** Records for the exercise follows **

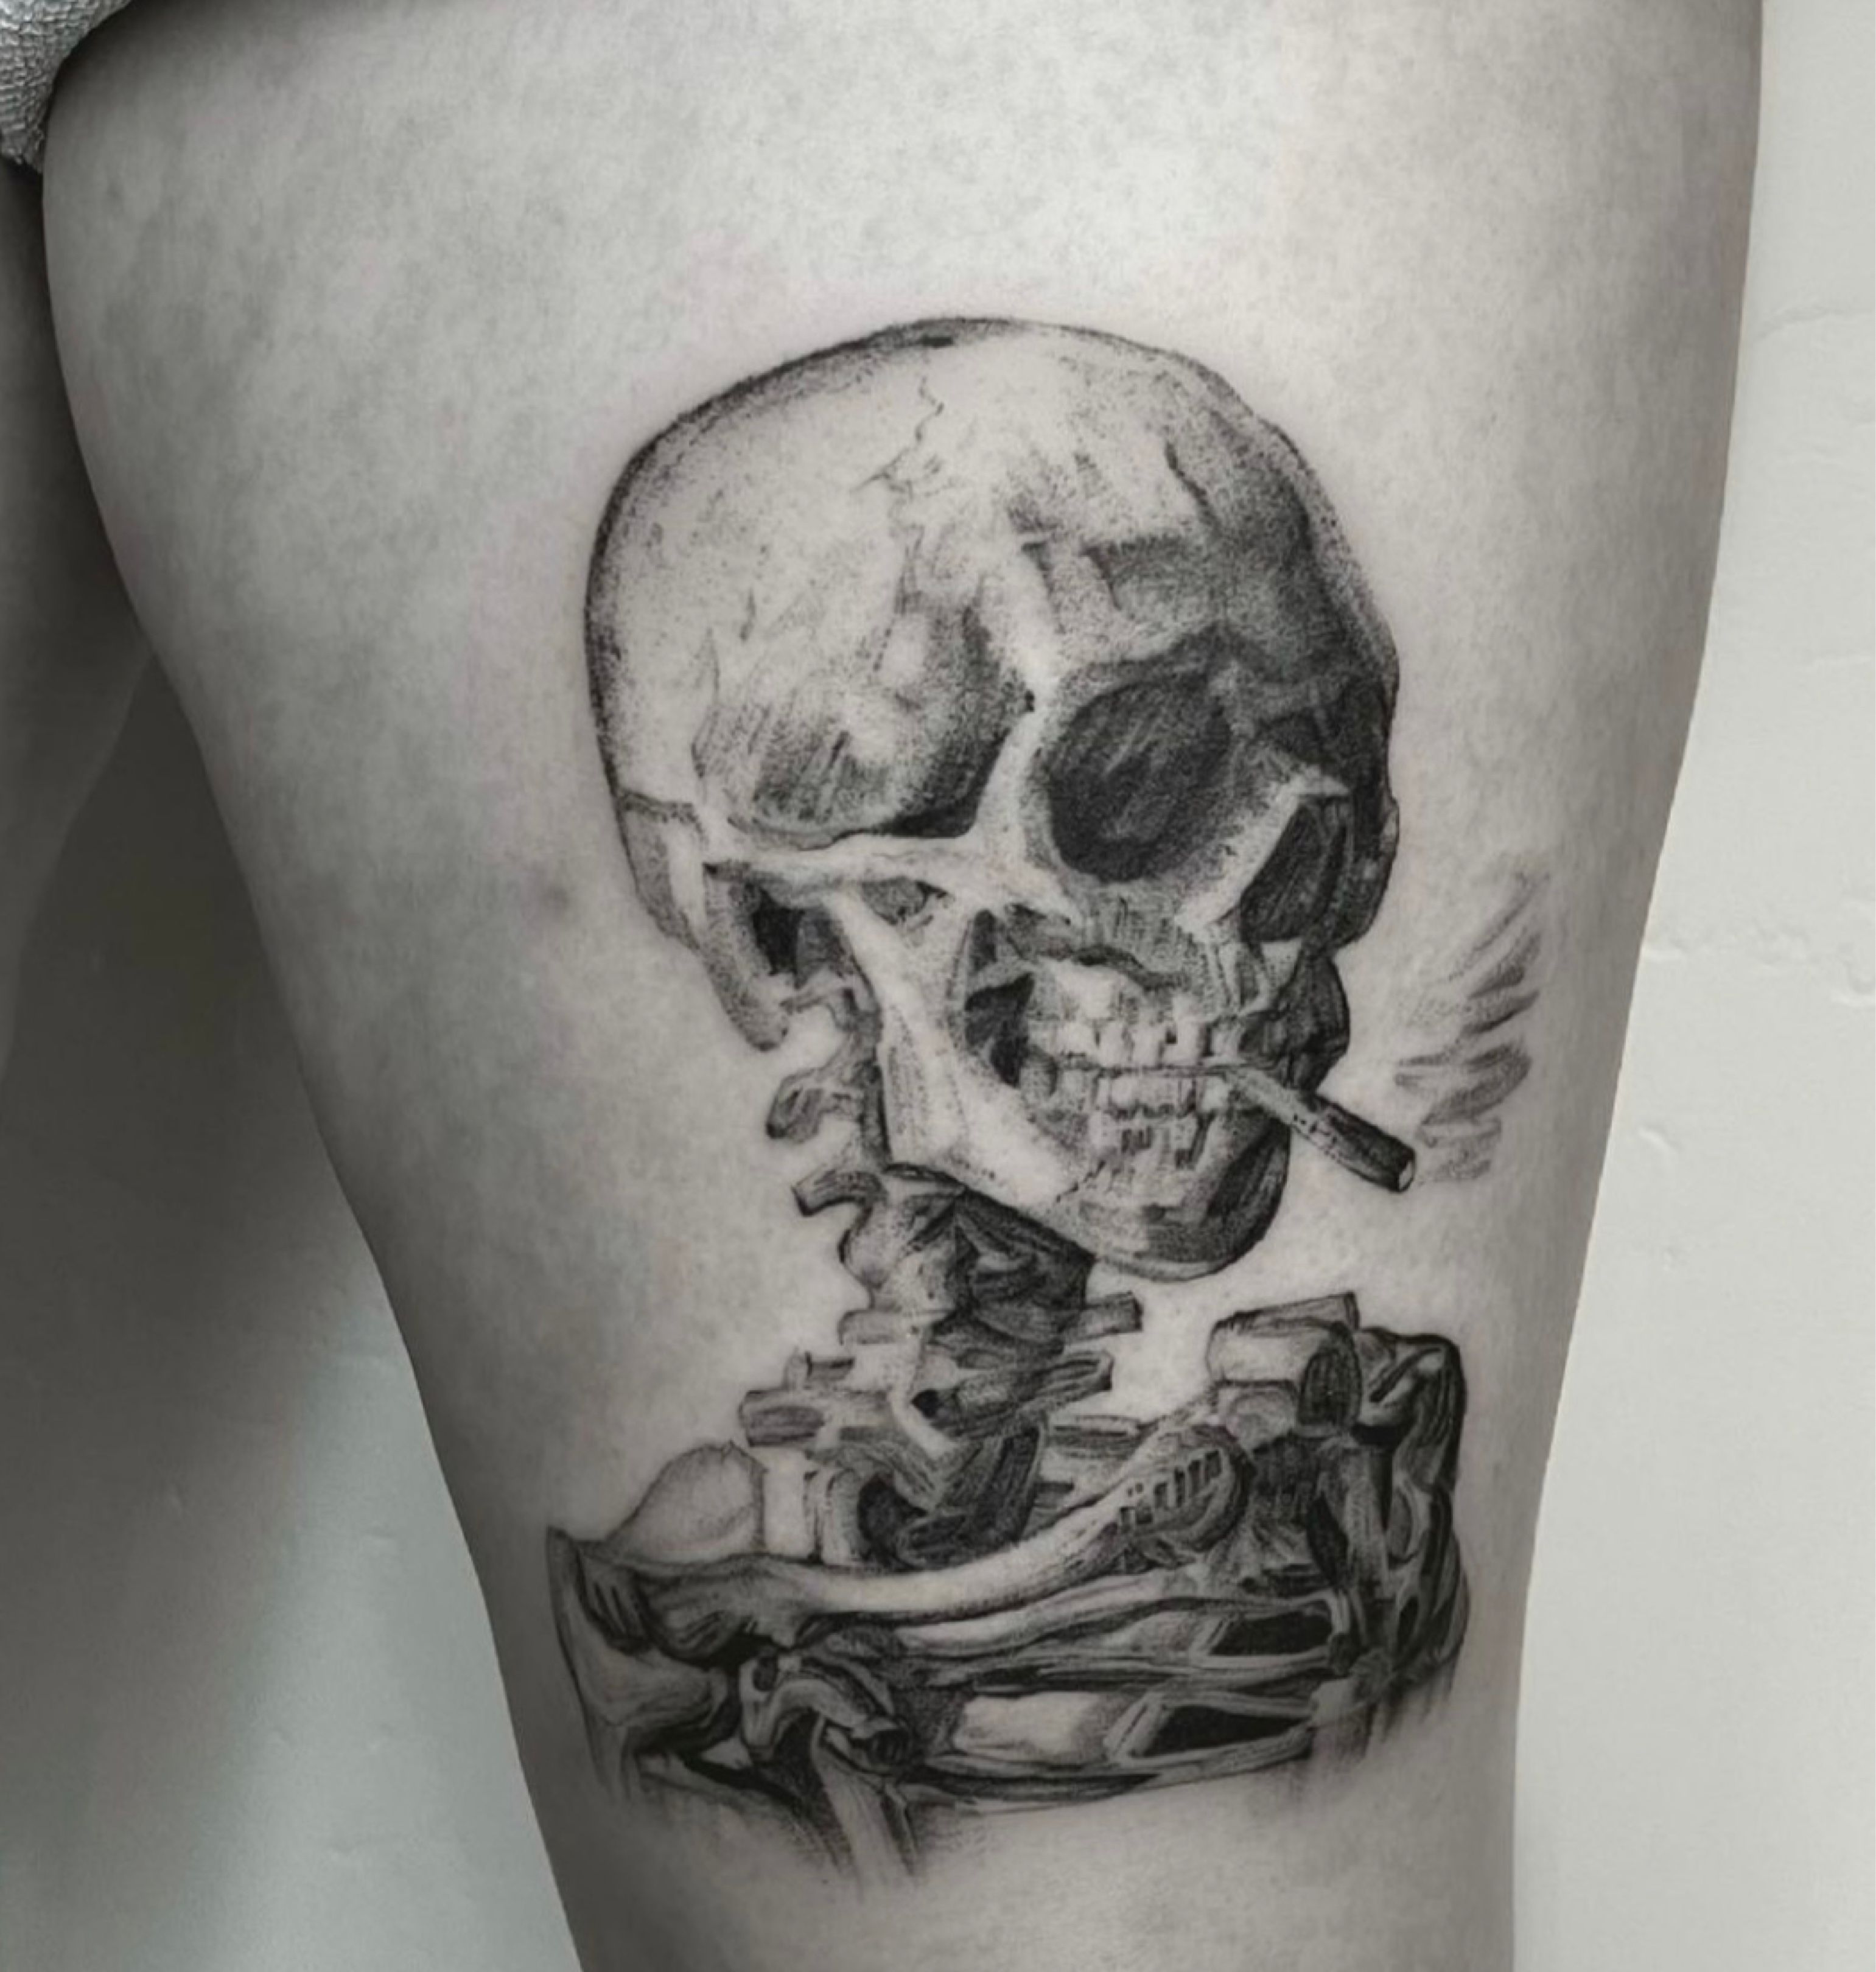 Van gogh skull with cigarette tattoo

** End of Records for the exercise **
** Records for the exercise follows **

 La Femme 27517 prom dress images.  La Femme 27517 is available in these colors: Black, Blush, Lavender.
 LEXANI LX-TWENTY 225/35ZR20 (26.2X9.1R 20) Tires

** End of Records for the exercise **

What you are asked to do | What you give back must be the stretch above, starting at the line with "La Femme 27517 prom" and ending at the line with "LEXANI LX-TWENTY 225/35ZR20", copied exactly.

Response for this exercise |
 La Femme 27517 prom dress images.  La Femme 27517 is available in these colors: Black, Blush, Lavender.
 LEXANI LX-TWENTY 225/35ZR20 (26.2X9.1R 20) Tires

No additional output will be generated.